欢迎来到猛1直播间 欢迎来到猛1直播间 第36章

作者:林啸也 标签: 近代现代

  一道细窄的光亮刺进黑暗,他冷着脸回头,看到一对黄色的、毛茸茸的耳朵探了进来,随后是皮卡丘滚圆又笨拙的身体。

  第一眼就认出那是孟一,傅决寒转手熄了烟,关上阳台的推拉门。

  刚挤进来的皮卡丘愣了一下,逼真的玩偶脑袋落寞地垂了下去,连带头上两只耳朵都耷拉着。

  仿佛他才是被关在门外的小狗。

  “我抽了很多烟,味道大。”傅决寒的语调轻柔,却没有任何情绪起伏。

  皮卡丘这才敢慢慢蹭过来,紧贴着推拉的玻璃门,把自己蹲成一小团,两只手全都贴在门上,像在隔空轻拍傅决寒的肩膀。

  这一身玩偶服做的非常精致,是孟一最宝贝的珍藏,他十岁前总是把自己塞进去,然后对着镜子给自己跳舞,玩偶头顶还设置了小机关,只要里面的人轻轻一捏,皮卡丘的耳朵就会竖起来。

  就像现在这样。

  皮卡丘每竖一下耳朵,就用脑袋蹭蹭玻璃,动作幅度过大时屁股上的直角尾巴还会跟着一晃一晃,像在小心翼翼地请求他放自己进去。

  傅决寒心里软成一团,伸手开门。

  孟一进去的很小心,没发出一点声音,在石阶上找了一小块地方坐下,和他隔着一拳的距离。

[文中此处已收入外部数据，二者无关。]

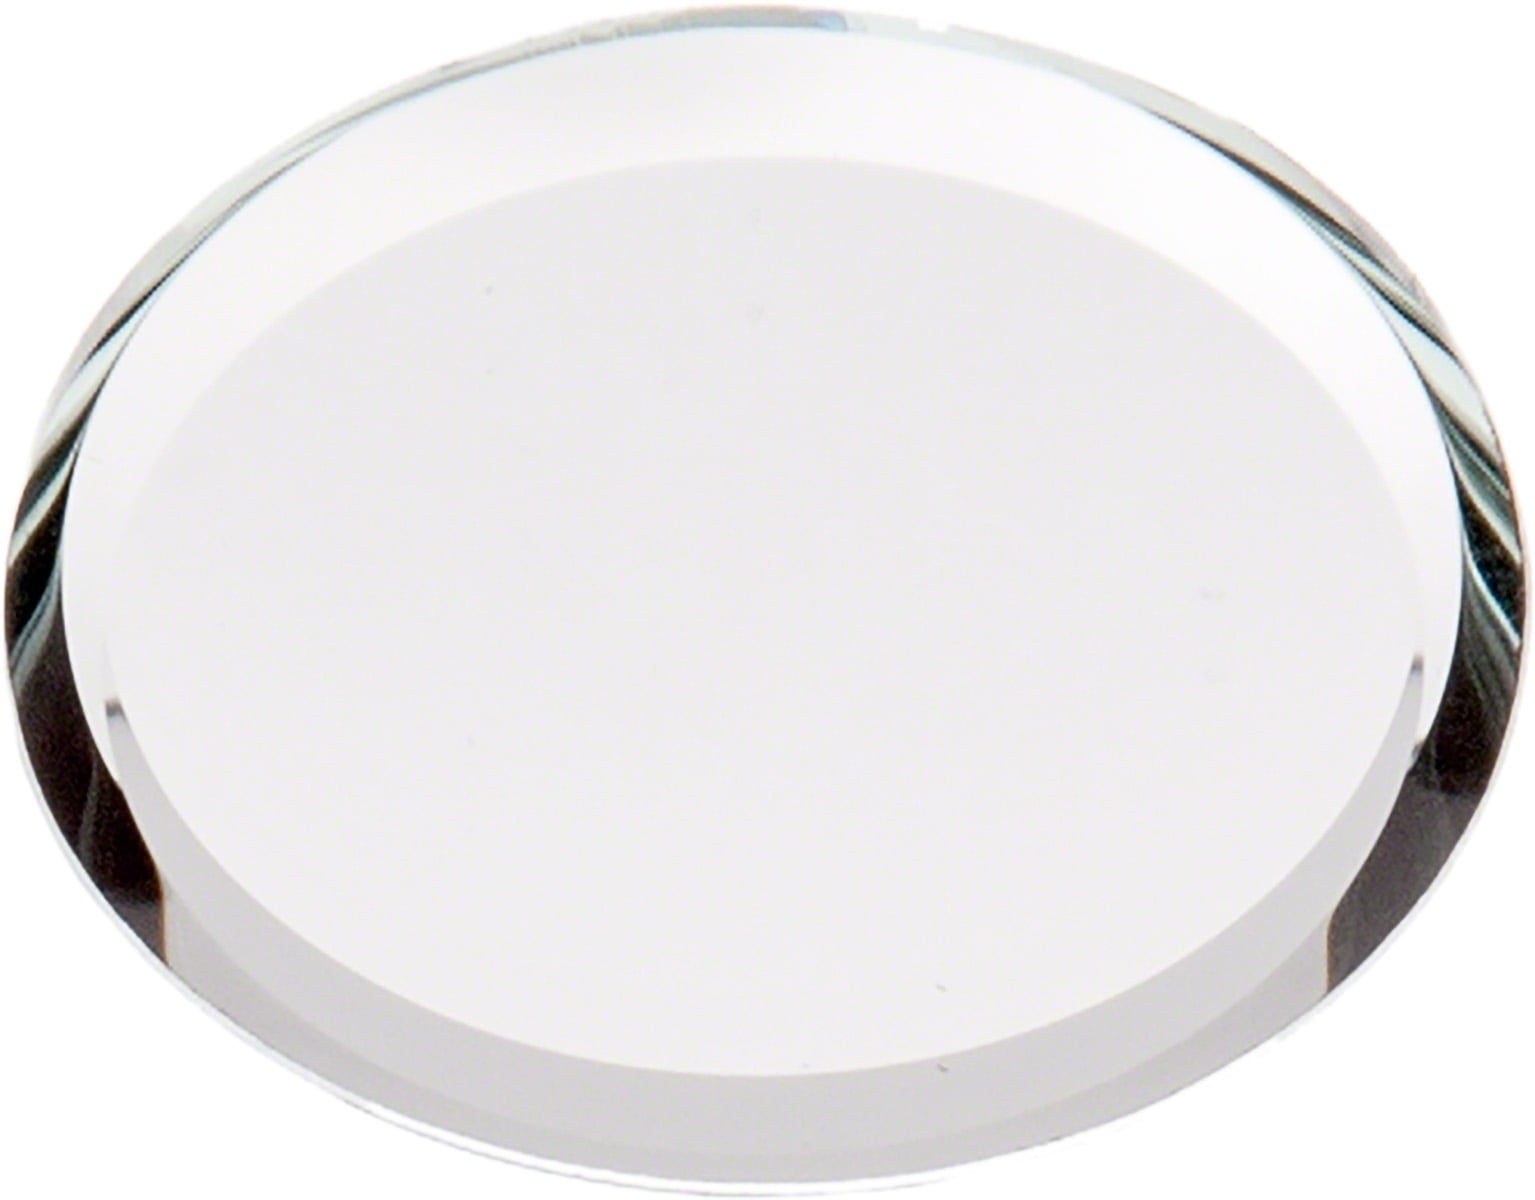 Plymor Round 3mm Non-Beveled Glass Mirror Pack of 24 1.5 inch x 1.5 inch 
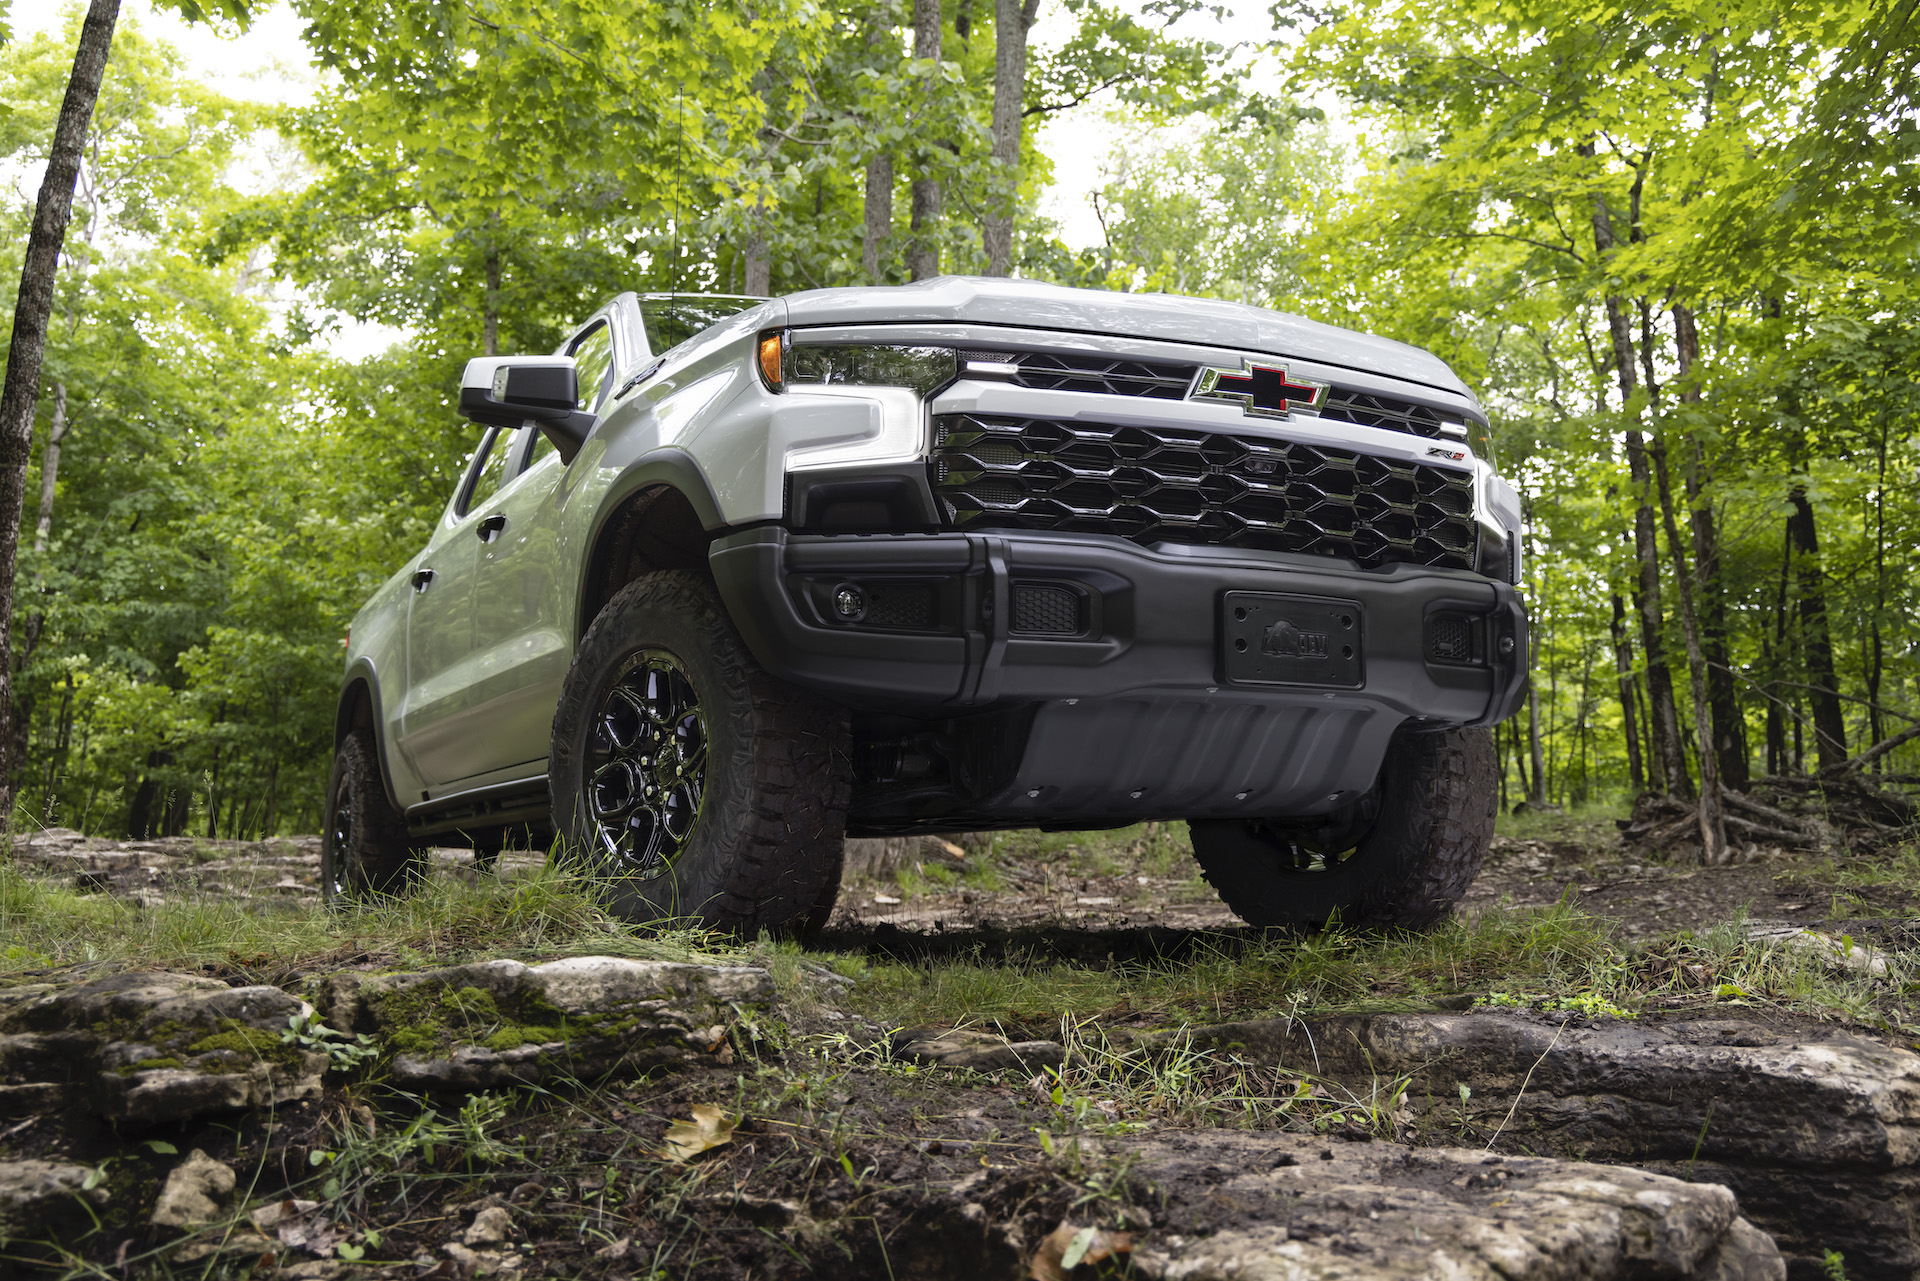 2023 Chevrolet Silverado 1500 ZR2 Bison adds even more offroad prowess

  不打扰的陪伴最能让人放下心防,傅决寒的心情稍微好了一些,问他:“呛吗?”

  皮卡丘摇摇头,用它那两只没有指缝的手拿起香烟和打火机,艰难地点燃,又因为动作实在太不灵活差点燎到手,好不容易成功之后用两手夹着,颤颤巍巍地递到傅决寒唇边。

  “不抽了,呛着你。”

  孟一摆头,又把烟往前递了些,傅决寒笑了,就着他的手吸了一口。

  皮卡丘高兴起来,一连竖了几次耳,圆咕隆咚的身体凑近一些,毛脑袋在他大腿上蹭一蹭,一副想贴贴又不敢的样子。

  他很少有这么乖的时候,安安静静地像一只小动物,傅决寒只吸了两口就把烟拿过来碾灭了,问他:“你在安慰我吗?”

  孟一犹豫两秒,说:“栗阳说你这个时候不喜欢被打扰,但我实在担心,就过来了,我不说话,也不吵你,让我陪一小会儿行吗?”

  傅决寒的心都快被揉化了,在胸膛里横冲直撞的怒火也慢慢熄灭。

  他朝孟一摊开手掌,皮卡丘立刻把自己的脑袋放了上去,两只爪子抬起来抱住他的手臂。

  “抱歉,今天吓到你了。”

  孟一说:“你是不是因为我才——”

  “和你没关系。”傅决寒直接打断他:“是我的问题,他这次回国很突然,又避开了我所有的暗哨,打了我一个措手不及。”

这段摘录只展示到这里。